子宫内膜增生指子宫内膜腺体的不规则增殖,同步伴有腺体、间质比例增长病理变化的器质性疾病。这种器质性疾病又一般由于生殖内分泌所导致,以长期雌激素无对抗性刺激亲密有关。2.

复发性子宫内膜增生指形成子宫内膜增生之后,虽经孕激素周期治疗,到达了止血目的,但因病因并未清除,停药后即复发,再次发生子宫内膜增生。包括由内膜反复过度增生至原位癌的一系列病变。尤其是子宫内膜不经典增生,其发展成为子宫内膜癌的风险高达25%~100%[2]。复发性子宫内膜增生,具有明显的子宫内膜癌的癌前病变生物学行为,尤其是中、重度不经典增生,对孕激素药物治疗反应较差、较慢,具有停药后也许复发的特点。本文就复发性子宫内膜增生的有关问题进行了讨论。3.

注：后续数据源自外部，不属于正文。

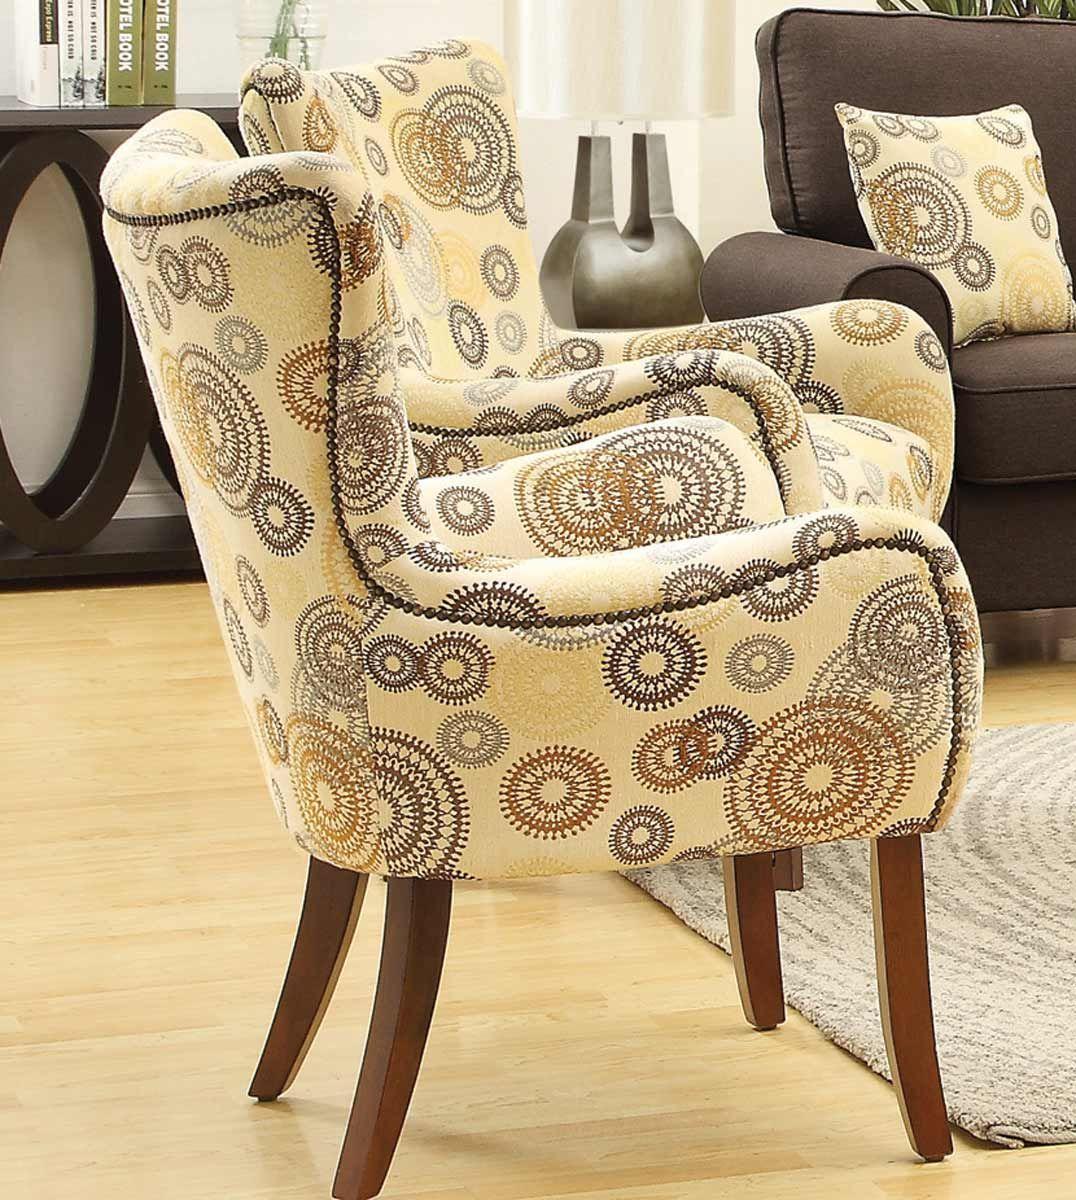 Prime Coaster 902052 Accent Chair Corner Chairs Accent Chairs Machost Co Dining Chair Design Ideas Machostcouk
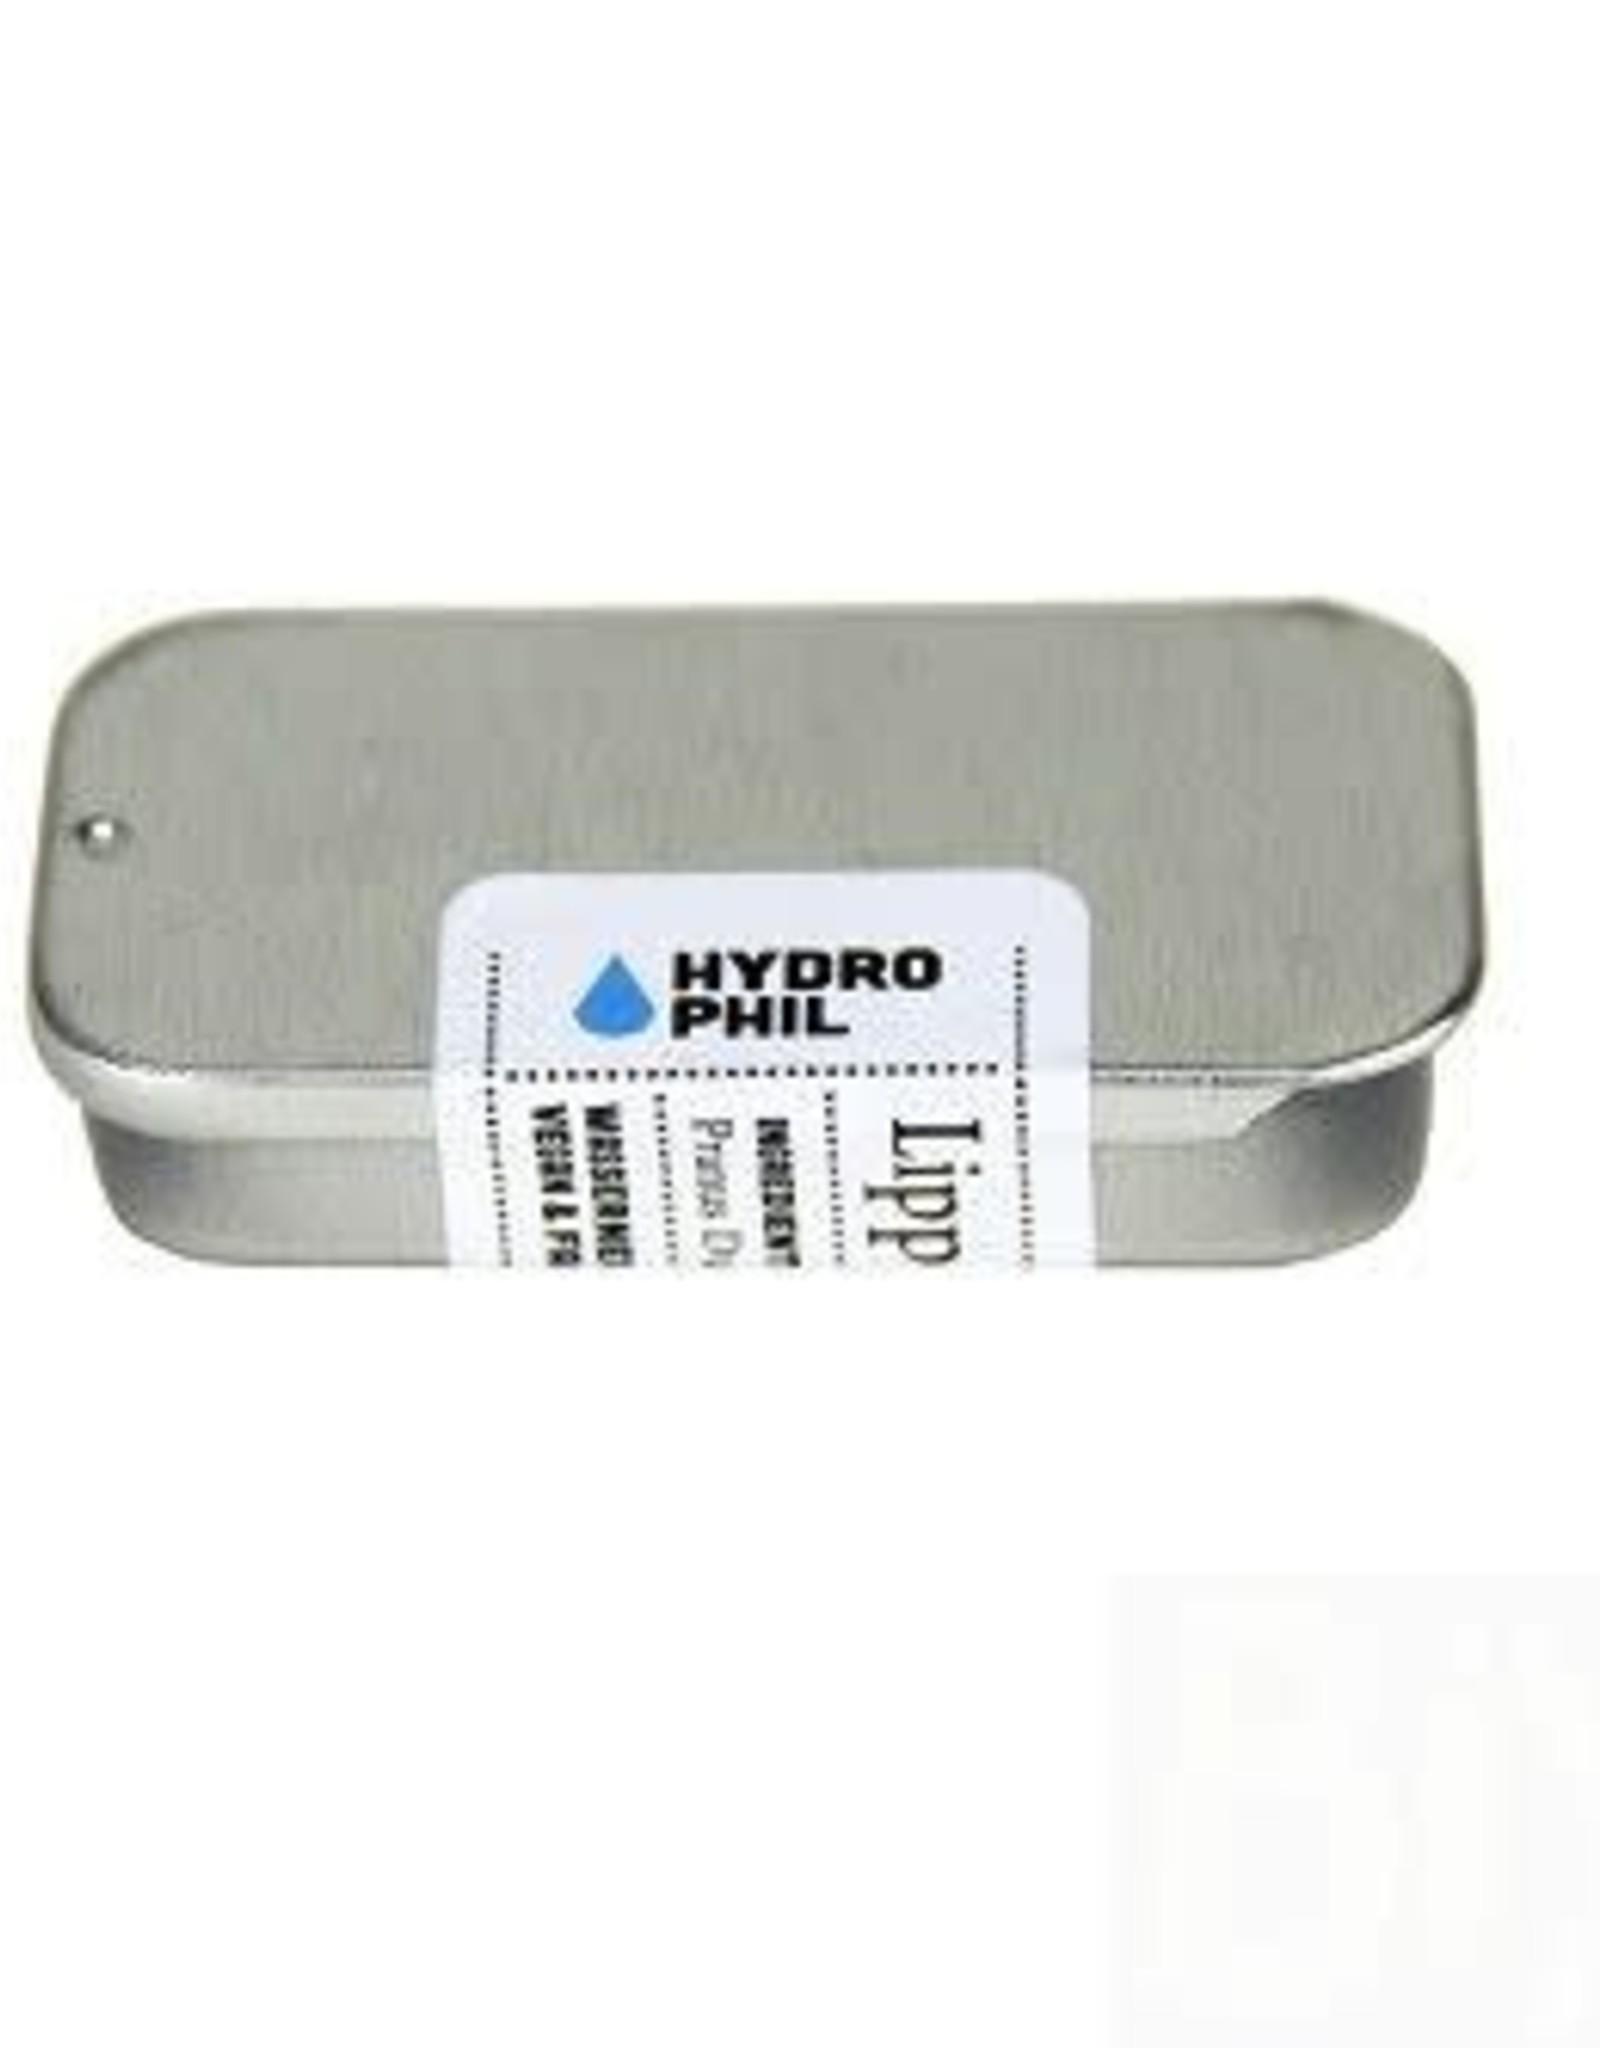 Hydrophil Hydrophil Lippenbalsem

1、复发性子宫内膜增生的临床体现和组织学分类1.1?临床体现:复发性子宫内膜增生是在原有子宫内膜增生基础上发病的,其症状仍是异常子宫出血,包括月经血量增多、月经期间出血、子宫不规则出血,或在应用无对抗性雌激素补充治疗中无规则的子宫出血,以及绝经后子宫出血。

1.2组织学分类:子宫内膜增生根据组织学体现分为4种类型:单纯型增生、复杂型增生、单纯型不经典增生和复杂型不经典增生。复杂型不经典性增生发生子宫内膜癌风险约为25%。修订版的WHO分类,将子宫内膜增生分为2类:无不经典子宫内膜增生和子宫内膜不经典增生。

复发性子宫内膜增生发展为子宫内膜癌的风险,与内膜增生的细胞有无不经典增生及其严重程度有关。增生的恶变潜能受患者年龄、潜在的内分泌病变、卵巢病变、肥胖或外源性雌激素原因影响。4.

2、复发性子宫内膜增生诊断和监测措施2.1?诊断与检测:复发性子宫内膜增生确实定诊断依托再次内膜组织学检查,所需的组织学标本需要通过内膜活检获得。在用一般内膜活检标本未能获得标本或所取标本未能得到足够诊断证据时,用诊断性宫腔镜更有获得标本的优势。此外,若在检查中发现子宫内膜息肉,或有分散的病灶内存在内膜增生,也需要在宫腔镜直视下进行内膜定位活检,使获得的组织学标本更故意义。

2.2?经阴道超声多普勒对子宫内膜增生具有诊断和监测意义正常的子宫内膜厚薄呈周期性变化,子宫内膜超声形态的原则分为A、B、C型。A型:呈三线型,外层和中央为强回声线,外层与宫腔中线之间为低回声区或暗区,见于增生晚期,排卵前内膜厚度为8?mm左右。B型:为均一的中等强度回声,宫腔强回声中线断续不清,见于黄体早中期,内膜厚度可达14~16?mm。C型:为均质强回声,无宫腔强中线回声,见于月经期,内膜厚度为5?mm如下。女性月经期间,子宫内膜刚刚剥脱完全,内膜处在最薄阶段,超声体现为内膜呈“线状”。一般状况下,月经期间量最多阶段结束之后,内膜厚度应≤5?mm。假如生育期妇女月经靠近结束之后,子宫内膜厚度仍然超过7?mm,阐明子宫内膜剥脱不完全和有内膜增生,绝经后妇女子宫内膜厚度在4~9?mm,则需深入确定诊断。由于子宫内膜增生导致的子宫内膜厚度增长,经阴道超声多普勒可作为子宫内膜增生的监测指标。在其他检查手段中,如CT、MRI、生物标志物等,由于诊断价值证据不充足,因此不常规推荐应用。5.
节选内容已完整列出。